Hello all.
I've been trying to speed up BINOMIAL-COEFFICIENT for combinatorial calculations and ended up writing my own functions which were originally based off of Alexandria's design. For computing the binomial coefficient of (10^11, 10^5), Alexandria's takes about 9.990 seconds on my 64-bit Windows machine with a relatively recent SBCL with (optimize speed (safety 0) (debug 0)).
I've ended up writing my own version of %MULTIPLY-RANGE, which I ended up calling RANGE-PRODUCT, and it's definition is:
(declaim (ftype (function (integer integer) integer) range-product)) (defun range-product (lower upper) "Compute LOWER * (LOWER+1) * ... * (UPPER-1) * UPPER." (assert (<= lower upper)) (case (- upper lower) ((0) lower) ((1) (* lower upper)) (otherwise (let ((mid (floor (+ lower upper) 2))) (* (range-product lower mid) (range-product (1+ mid) upper))))))
[ from QTILITY: https://bitbucket.org/tarballs_are_good/qtility/src/65eff10fdece/arithmetic.... ]
From that, the definition of FACTORIAL follows:
(declaim (ftype (function ((integer 0)) (integer 1)) factorial)) (defun factorial (n) "Compute the factorial of N, N! = 1 * 2 * ... * N." (if (zerop n) 1 (range-product 1 n)))
[ from QTILITY: https://bitbucket.org/tarballs_are_good/qtility/src/65eff10fdece/arithmetic.... ]
Then, I wrote BINOMIAL-COEFFICIENT that uses a closure to direct the swapping of the K and N-K, instead of mutating them.

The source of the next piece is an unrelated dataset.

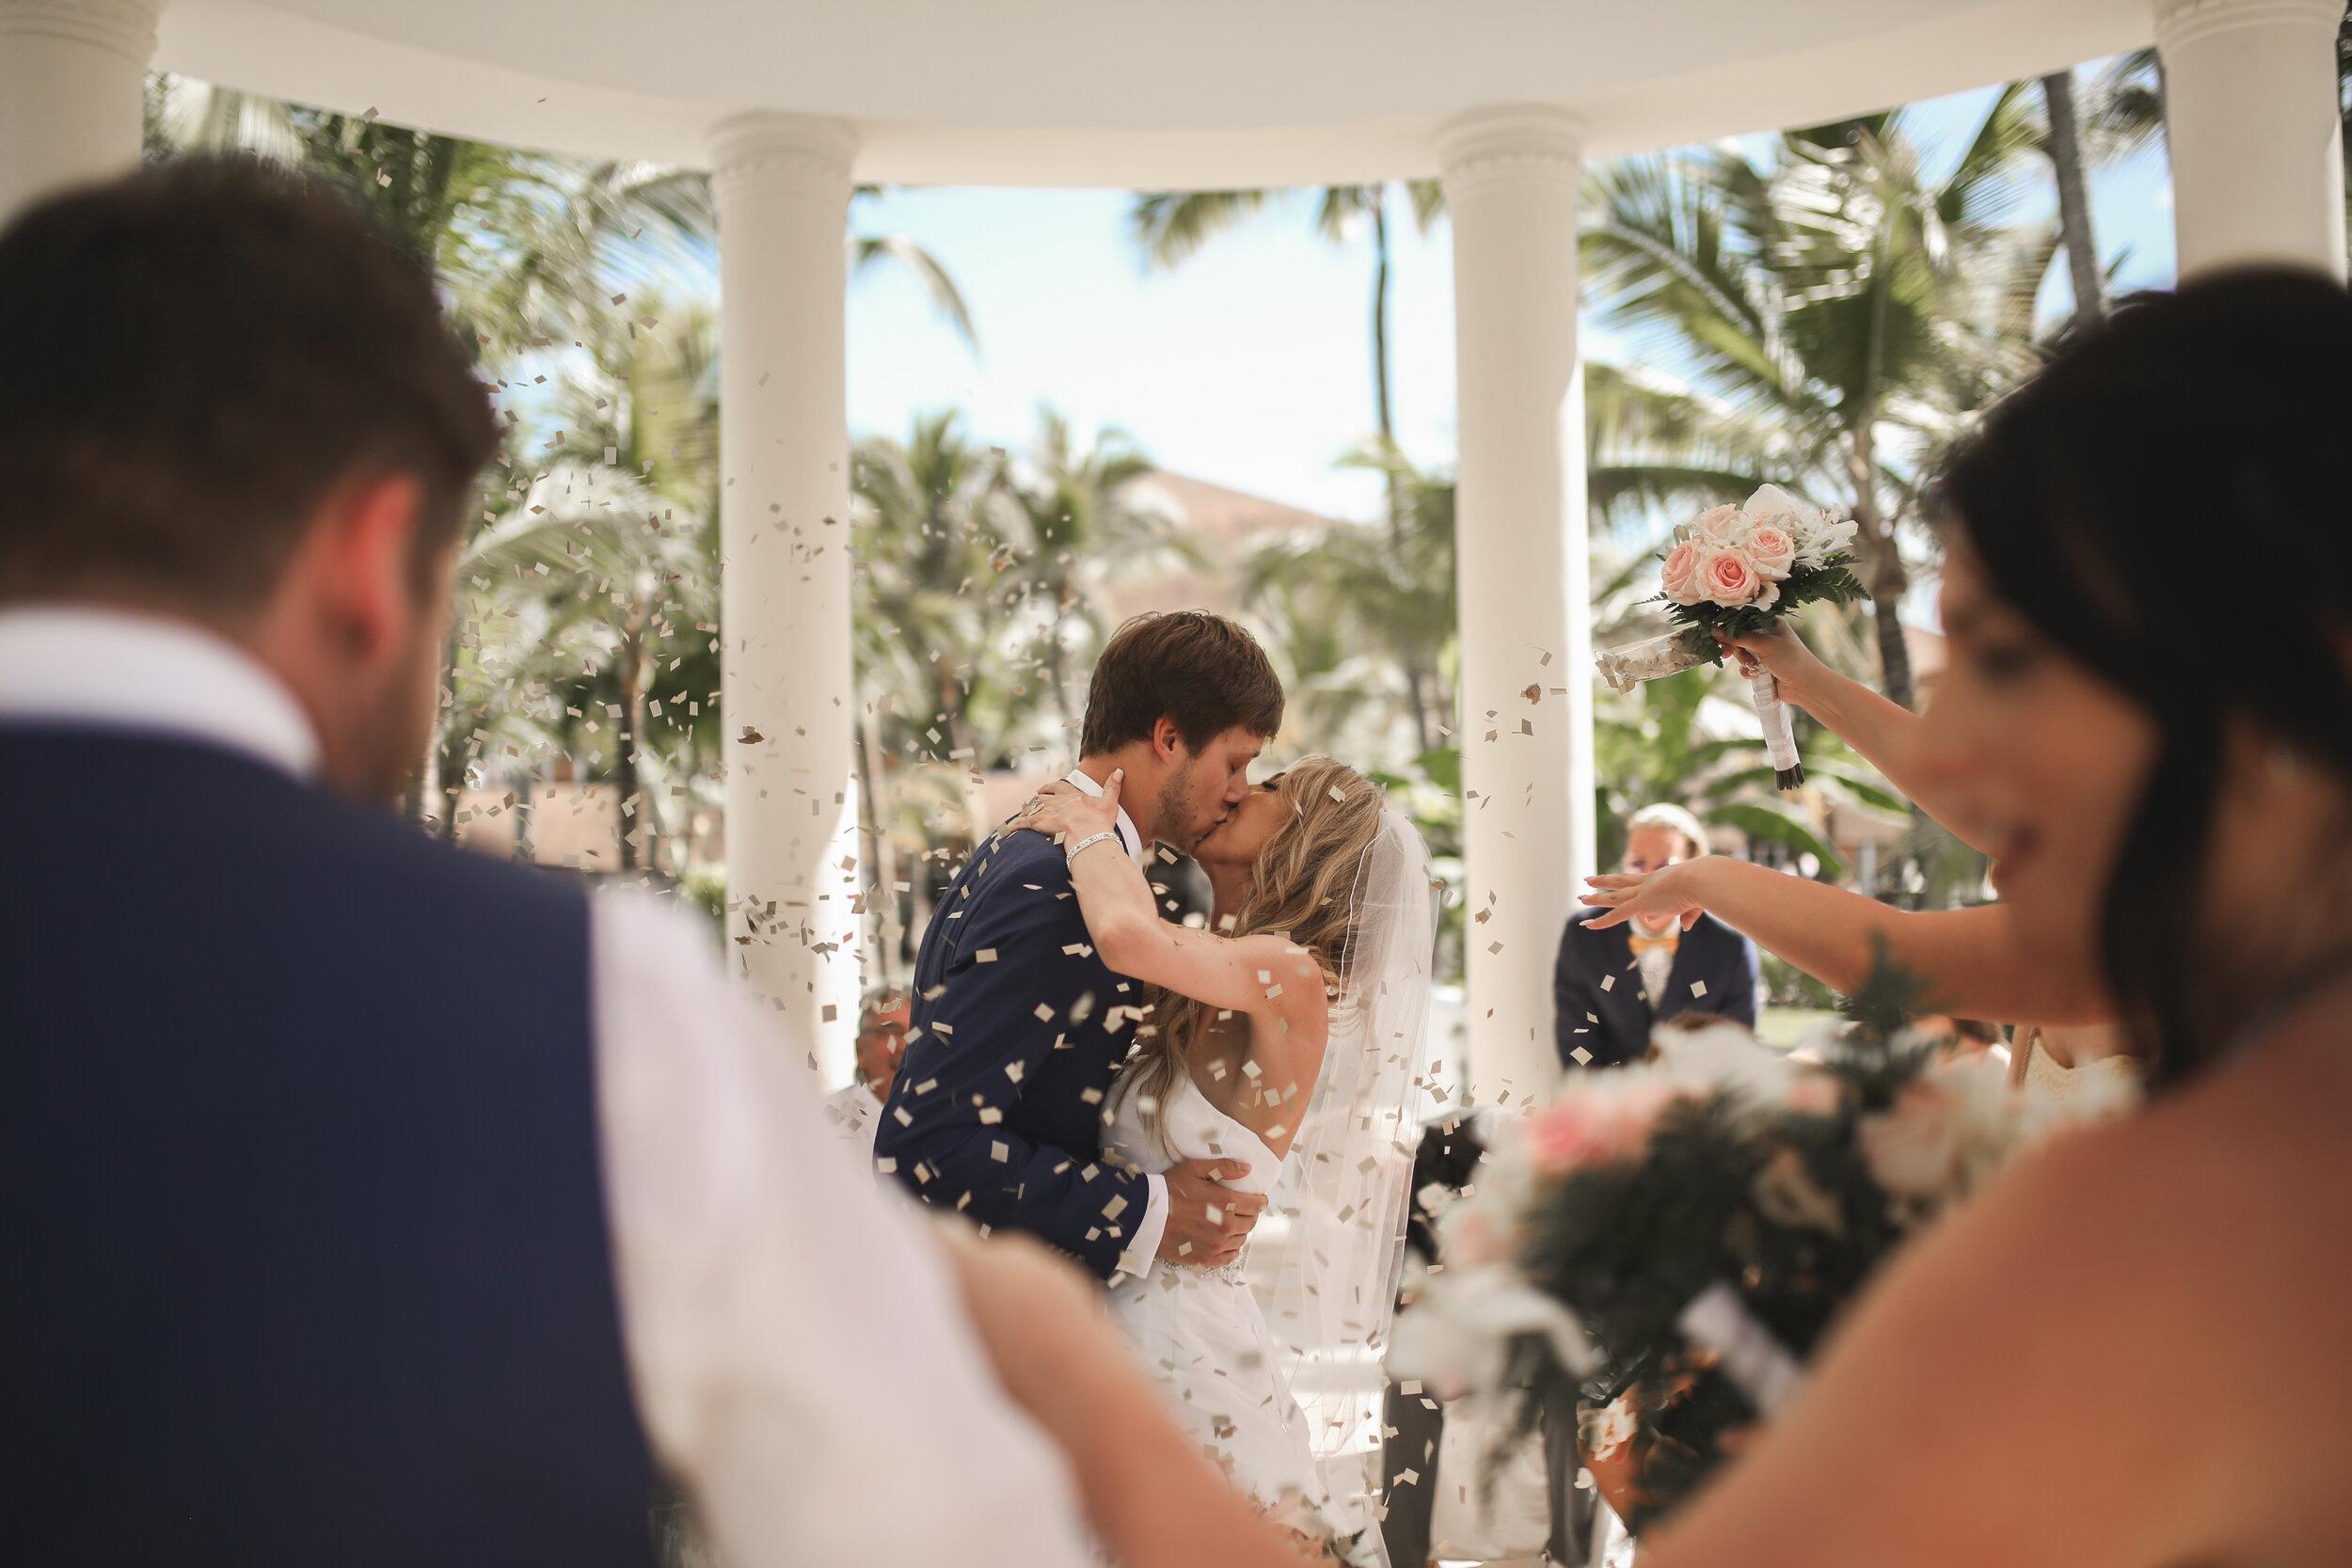 17 Adam Ziorio Photography - Aaron & Rhiannon Wedding.jpg

This seemed to at least help with SBCL's flow analysis. I also chose not to use CHECK-TYPE in favor of declarations (which I understand are not the same, but I think they should attempt to act the same given a sufficient compiler policy).
(declaim (ftype (function ((integer 0) (integer 0)) (integer 0)) binomial-coefficient)) (defun binomial-coefficient (n k) "Binomial coefficient of N and K." (assert (>= n k)) (labels ((core (k n-k) (if (= 1 n-k) n (nth-value 0 (floor (range-product (+ k 1) n) (factorial n-k)))))) (declare (inline core) (ftype (function ((integer 0) (integer 0)) (integer 0)) core)) (if (or (zerop k) (= n k)) 1 (let ((n-k (- n k))) (declare (type (integer 0) n-k)) (if (< k n-k) (core n-k k) (core k n-k))))))
[ from QTILITY: https://bitbucket.org/tarballs_are_good/qtility/src/65eff10fdece/arithmetic.... ]
With the code above, I can compute the same binomial coefficient in about 7.503 seconds, so about a 2.5 second speed up.
I'd like to submit a patch using the code above, but I could see how these speed ups are both implementation-dependent and platform-dependent. A particular unfortunate consequence is that we don't have those tweakable limits which (in theory; as the comments say) could be computed at compile time.
Any thoughts?
-Robert